Sebi to help banks tackle bad loans
MARKET REGULATOR TO RELAX LOCK-IN, ELIGIBILITY NORMS FOR PREFERENTIAL SHARE ALLOTMENTS ANNOUNCEMENT LIKELY AT SEBI’S APRIL 26 BOARD MEET
Banks and infrastructure finance institutions will soon receive a helping hand from the Securities and Exchange Board of India (Sebi) in their fight against bad loans.
Going ahead, lenders may not be required to observe the six-month lock-in for shares acquired through preferential allotment. Also, the condition that renders a lender ineligible, if it has bought shares of the company in the previous six months, is also likely to be waived.
The move will ensure an easier and faster liquidation of assets acquired by banks through corporate debt restructuring or any other type of restructuring. Often, the restructuring exercise involves converting debt into equity or issue of fresh equity to lenders, which is done through preferential issues. Under current Sebi rules, the entire shareholding prior to an allotment is locked in for a period of six months.
Sources said Sebi, at its board meeting to be held on April 26, was planning amendments to the Issue of Capital and Disclosure Requirements (ICDR) regulations to relax the lock-in clause and eligibility norms for preferential share allotments involving scheduled banks and financial institutions.
“Many banks have to frequently sell shares of stressed companies. This makes them ineligible for future allotment of shares for a period of six months. The relaxations planned are designed to help banks in speedy recovery from a listed borrower,” said a regulatory official.
The move comes at a time when banks, particularly the state-owned ones, are having a tough time battling bad loans. According to estimates, banks have identified stressed assets worth ~6 lakh crore, which are currently undergoing restructuring through various programmes. A large portion of these stressed assets belong to listed companies in the power, infrastructure and steel industries.
“If approved by Sebi, it is a good measure as this will allow preferential allotment to banks, which may have sold the shares of the issuer company within 180 days prior to the relevant date and allow banks to liquidate all of their shareholding in a company immediately after any preferential allotment. This measure will help banks in finding new buyers for stressed assets in which they (banks) have acquired equity,” said Sudhir Bassi, partner, Khaitan & Co.
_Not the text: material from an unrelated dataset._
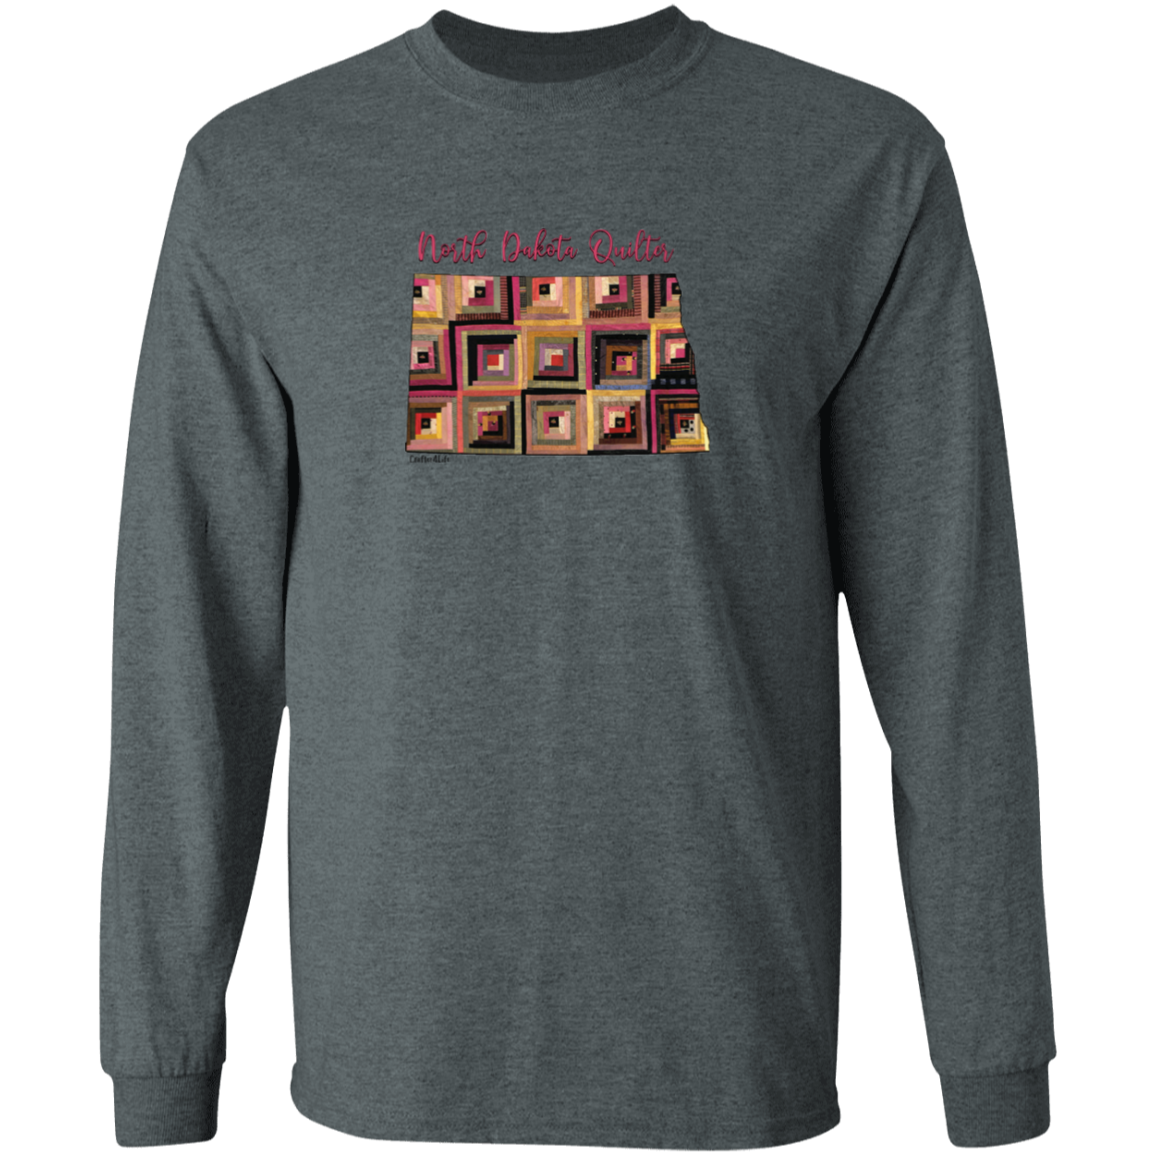 North Dakota Quilter Long Sleeve T-Shirt, Gift for Quilting Friends and Family

This is not the first time the market regulator is helping banks struggling with bad loans. In 2015, Sebi had provided relaxation to banks in open offers to allow them to convert debt into equity in a listed borrower.
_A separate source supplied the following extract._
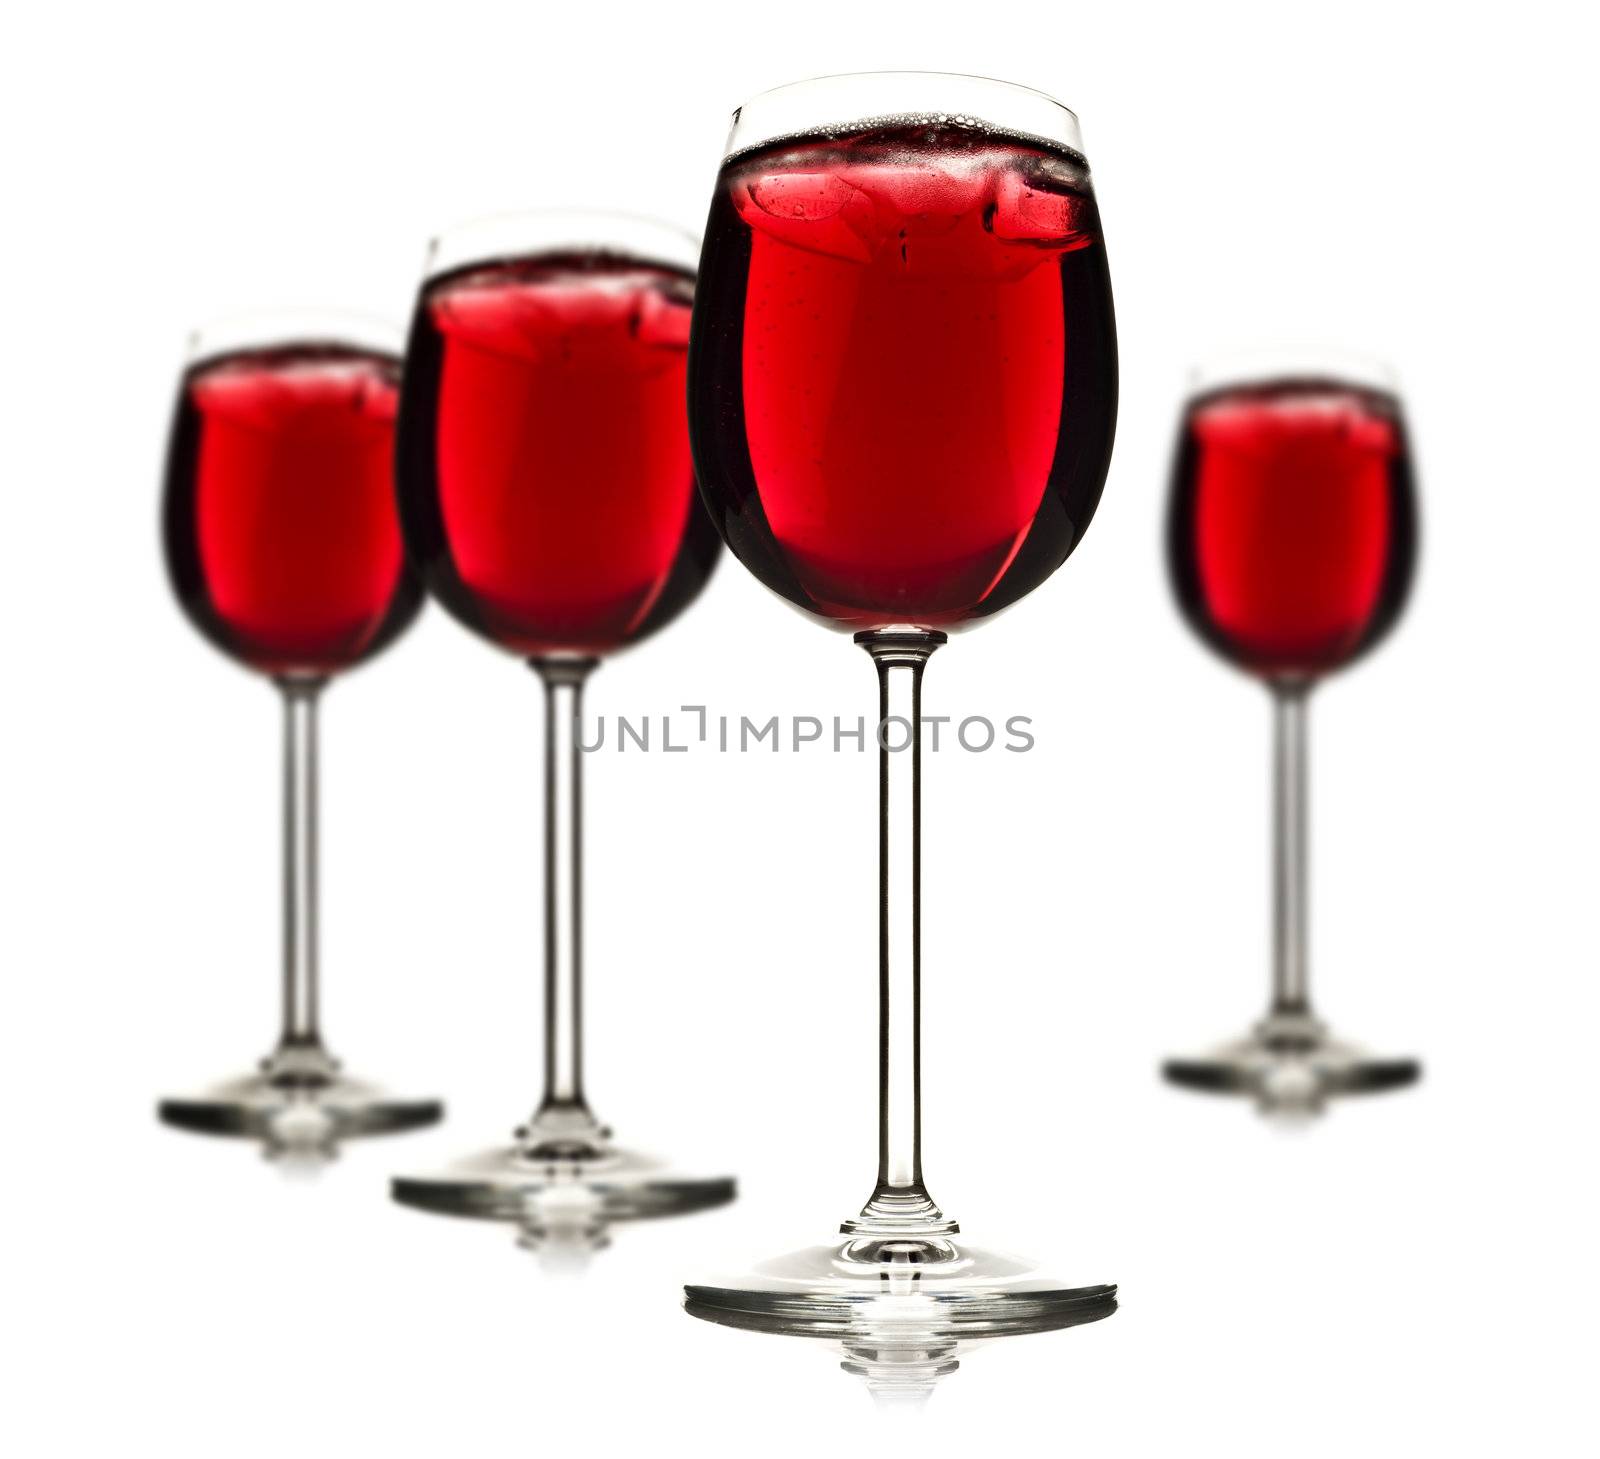 Four wine glasses with red fruit juice and ice by tish1

Experts said the lock-in and eligibility norms were checks to avoid manipulation by promoters but banks could be provided exemption, currently permitted for institutional investors like mutual funds and insurance companies.
“The concept of locking the prepreferential shareholding was introduced by Sebi to curb the practice of contratrading by promoters to take advantage of the price arbitrage between the preferential issue price and the market price,” said Yogesh Chande, partner, Shardul Amarchand Mangaldas.